Please don't get my "late binding" wrong, I don't mean usual late binding at runtime, I mean something else and cannot find a better word for it:
Consider I am working on a container (or similar) data structure Containor
for some value type V
that needs to compare these values with a comparator, so my first template looks like this
template<typename Val, typename Comp = std::less<Val>>
struct Containor{};
Now, my Containor
structure makes use of another container internally. Which container is to be used should be configurable by template arguments as well, lets say the default is std::set
. So my next version of Containor
looks like this:
template<typename Val, typename Comp = std::less<Val>, typename Cont = std::set<Val,Comp>>
struct Containor{};
and here is where the code begins smelling IMHO. As long as the user is satisfied with the default implementation of the inner container, everything is fine. However, suppose he wants to use the new google btree set implementation btree::btree_set
instead of std::set
. Then he has to instanciate the template like this:
typedef Containor<int,std::less<int>,btree::btree_set<int,std::less<int>> MyContainor;
^^^^^^^^^^^^^^^^^^^
I have underlined the part where my problem lies. The CLIENT CODE has to instanciate the btree_set with the right parameters. This honestly sucks, because the Containor
class always needs a set of exactly the same type and comparator as its own first two template arguments. The client can - by accident - insert other types here! In addition, the client has the burden of choosing the right parameters. This might be easy in this case, but it hard if the inner container must for example be a set of pairs of the value type and some other type. Then the client has an even harder time getting the type parameters of the inner set correct.
So what I want is a way in which the client code only hands in the raw template and the Containor
internally instanciates it with the correct arguments, i.e. something like that:
template<typename Val, typename Comp = std::less<Val>, typename Cont = std::set >
struct Containor{
typedef Cont<Val,Comp> innerSet;
// ^^^^^^^^^^^^^^^^^^^^^^^^^^^^^^^ container instanciates the inner containor
};
typedef Containor<int,std::less<int>,btree::btree_set> MyContainor;
// ^^^^^^^^^^^^^^^^
// client only hands in raw template
Of course, this is no valid C++!
So I thought about ways to solve this problem.

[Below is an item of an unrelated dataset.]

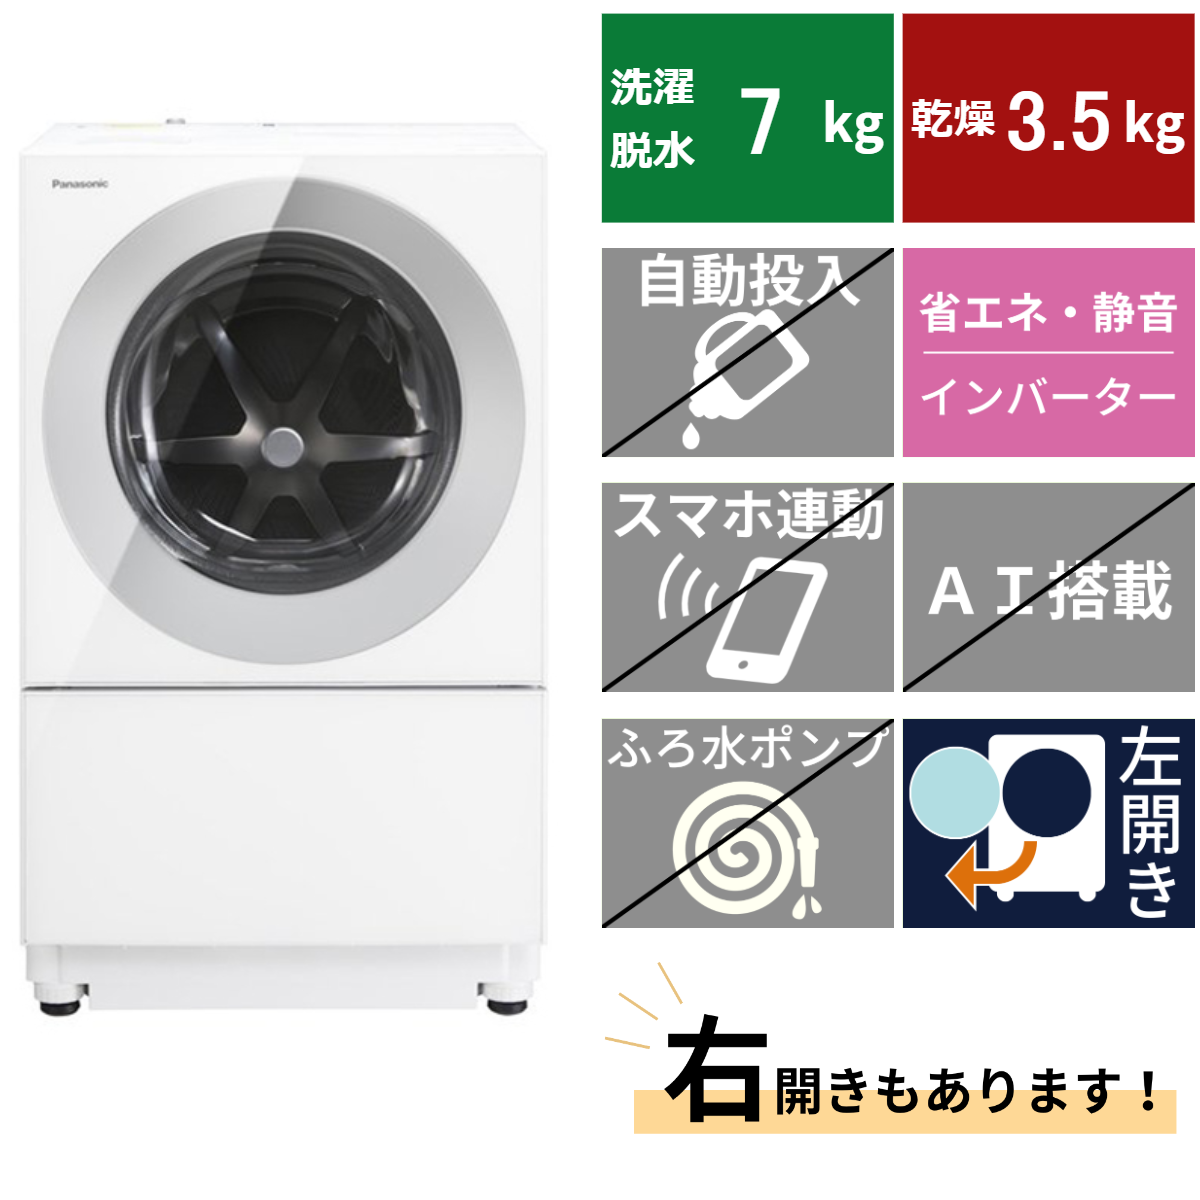 ドラム式洗濯機NA-VG770 (洗濯・脱水7kg、乾燥3.5kg) – De-Life

The only solution I could think of was writing "binder classes" for all data structures I want to use, like this:
struct btree_set_binder{
template<typename V, typename C = std::less<V>>
struct bind{
typedef btree::btree_set<V,C> type;
}
};
Now I can define my Containor
with a set binder
template<typename Val, typename Comp = std::less<Val>, typename ContBinder = btree_set_binder >
struct Containor{
typedef btree_set_binder::bind<Val,Comp>::type innerSet;
// ^^^^^^^^^^^^^^^^^^^^^^^^^^^^^^^^^^^^^^ works like a charm
};
Now, the user must only supply the desired binder class and the Containor
will instanciate it with the right arguments. So these binder classes would be okay for me, but it is quite a hassle writing binder classes for all containers. So is there a better or easier way to bind template arguments "late" in C++11, i.e., inside another template that retrieves the raw template as parameter.